The de la Hay family continued to occupy Hay Hall until 1423, when Marion de la Hay, who appears to be the last survivor of her family, married Thomas Est, who at the time of his marriage was described as being of Kenilworth. Among the appointments held by this worthy was Governor of Kenilworth Castle, and one of the gentlemen of the bedchamber of Kings Henry V and VI. He was also a distinguished soldier in the wars with France during the reign of Henry V. He died in 1462 when the house passed to his son, also a Thomas Est. The Est family lived in the house for nearly three hundred years, and seemed to have been a family very varied in outlook and character.

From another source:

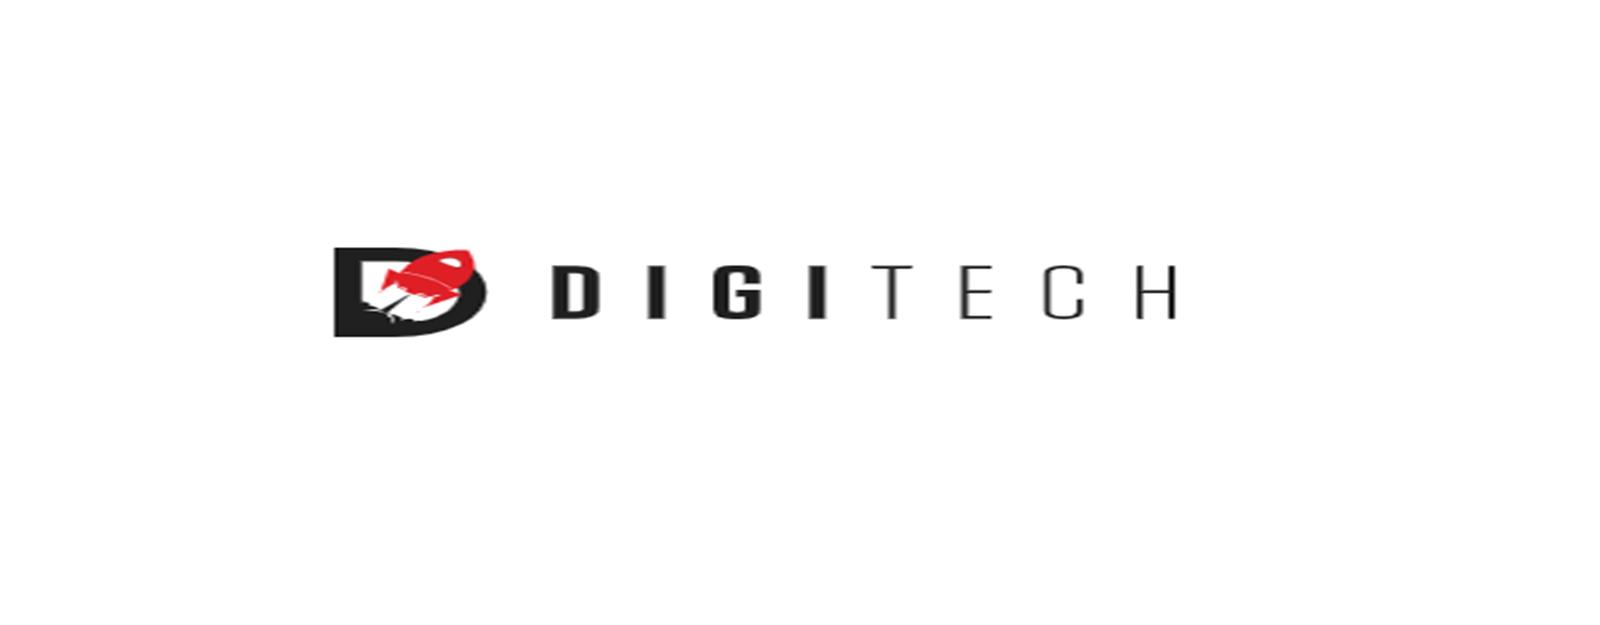 Digital Marketing Agency In Austin Tx Digitech Web Design In 2020 Digital Marketing Agency Marketing Agency Digital Marketing

They were great benefactors of the church at Yardley, and although they had many of the virtues of their day, it must be confessed they also had some of its faults, and several members of the family at times found themselves on the wrong side of the law. 

In 1537 Edward Est was plaintiff in a Star Chamber case. 

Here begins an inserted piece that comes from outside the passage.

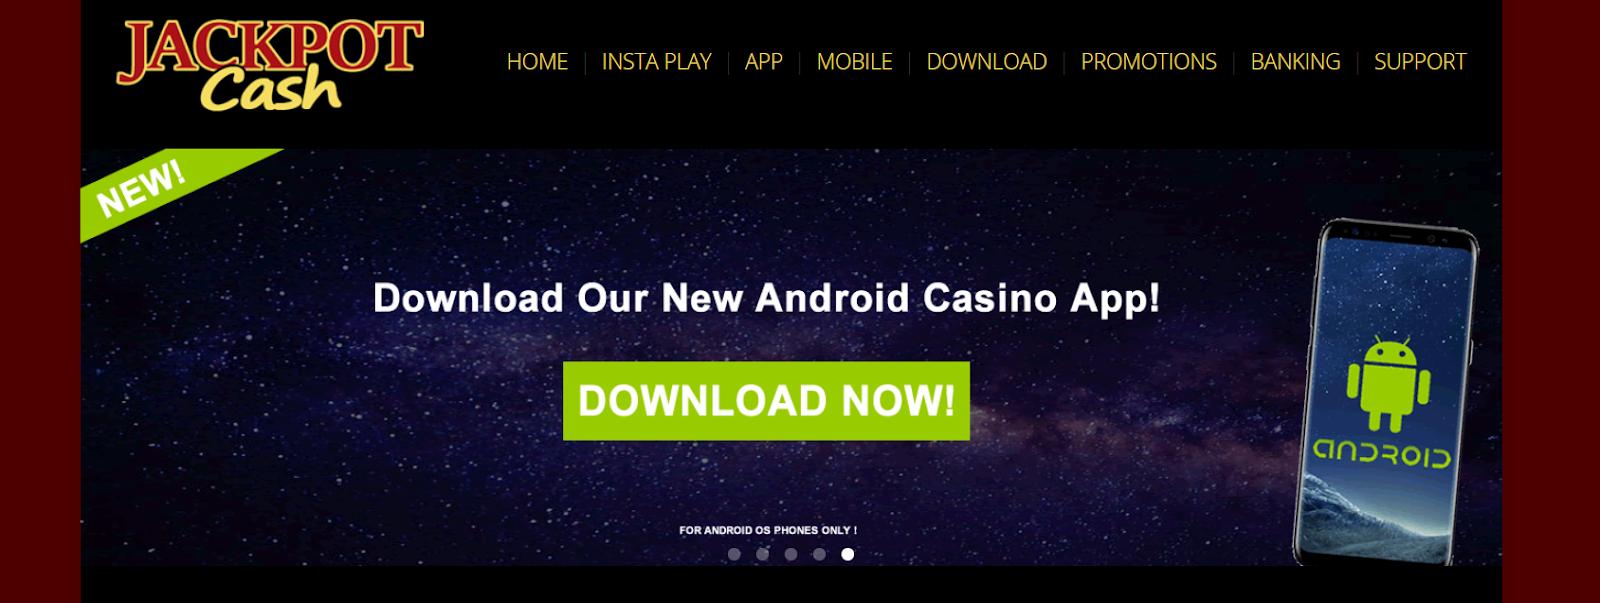 Silver sands casino promotions 2018 calendar

In 1563 Henry Est surrendered to the “Fleto” (famous London prison) and was granted pardon of outlawry passed on him for debt. 

In 1610 Edward Est was brought up at Worcester Quarter Sessions for an alleged assault on an ale house keeper of Yardley. 

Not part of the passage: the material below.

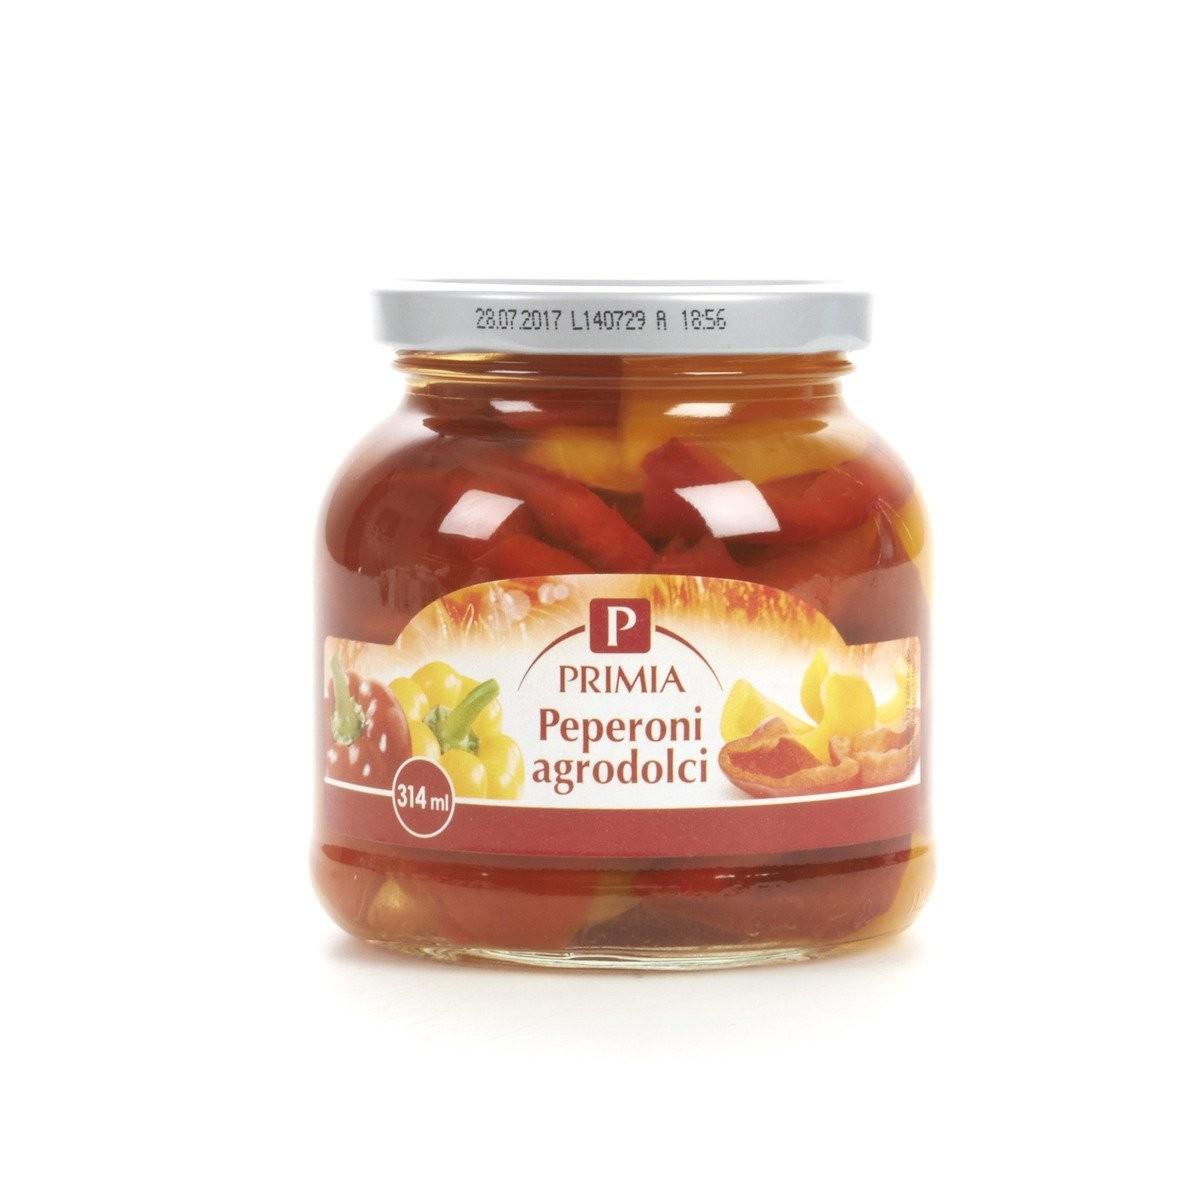 Primia Peperoni agrodolci

In 1631 the same gentleman was brought up again, together with his son Thomas, on a charge of causing riot, and five years later the son Thomas was again charged at the Worcester Quarter Sessions with assault. 

In 1637 “certayne differences fell out” between Charles Dod and Thomas Est on account of Est’s “disgracefull words against ye Coate of Armes of ye sayd Charles Dod”.  Peace was restored by the mediation of James Archer, Vicar of Yardley. 

On the other hand, another son, also named Edward, managed to secure for himself a place on the other side of the law by becoming a Barrister of the Inner Temple in London, but he died in 1625 when only 27 years of age. Of the others perhaps the last of the family who lived at Hay Hall is worthy of mention. He was another Edward Est who was born in 1633, and through an accident lost his sight when a small child. Bulpitt records “he got by heart all the scriptures of the old and new testaments, besides other religious works”. This is presumed to mean that he acquired a complete and thorough knowledge of these, which was no mean feat for a man living nearly three hundred years ago, and who was blind from childhood. He died a bachelor in 1703 in his seventieth year. 

After the death of Edward Est a number of families appear to have lived in the Hall for relatively short periods, and it changed hands frequently. It was also converted into two residences. 

Of all the many occupants of the Hall over the last one hundred and fifty years only one is of interest - a certain Dr. Gilby who was living at Hay Hall in 1810, for it was in this year that the Hall was damaged by fire. In Aris’s Birmingham Gazette of June 1810 a letter is published in which Dr. Gilby seeks to publicly express his great thanks to his neighbours for the prompt and ready assistance they gave in stopping the progress of a fire which threatened the complete destruction of the whole of his house. Dr. Gilby also did not omit his thanks to Mr. Simms, the organist at St. Philips (now the Cathedral Church of Birmingham) who happened to be staying in the house at the time. It is doubtful whether this fire was as severe as one would be led to believe by the tone of Dr. Gilby’s letter, as a considerable number of the roof timbers in the house today are considerably older than 1810. Dr. Gilby did not stay on at Hay Hall long after this fire, and he appears to have let the house from time to time to tenants, and 1852 the property was sold to James Deykin. A few years later James Deykin created a Trust, under which the income from the property was to benefit his daughter and her children and their heirs, and finally in 1917 the Deykin Trust sold the property and land to The Patent Butted Tube Company Limited for factory development.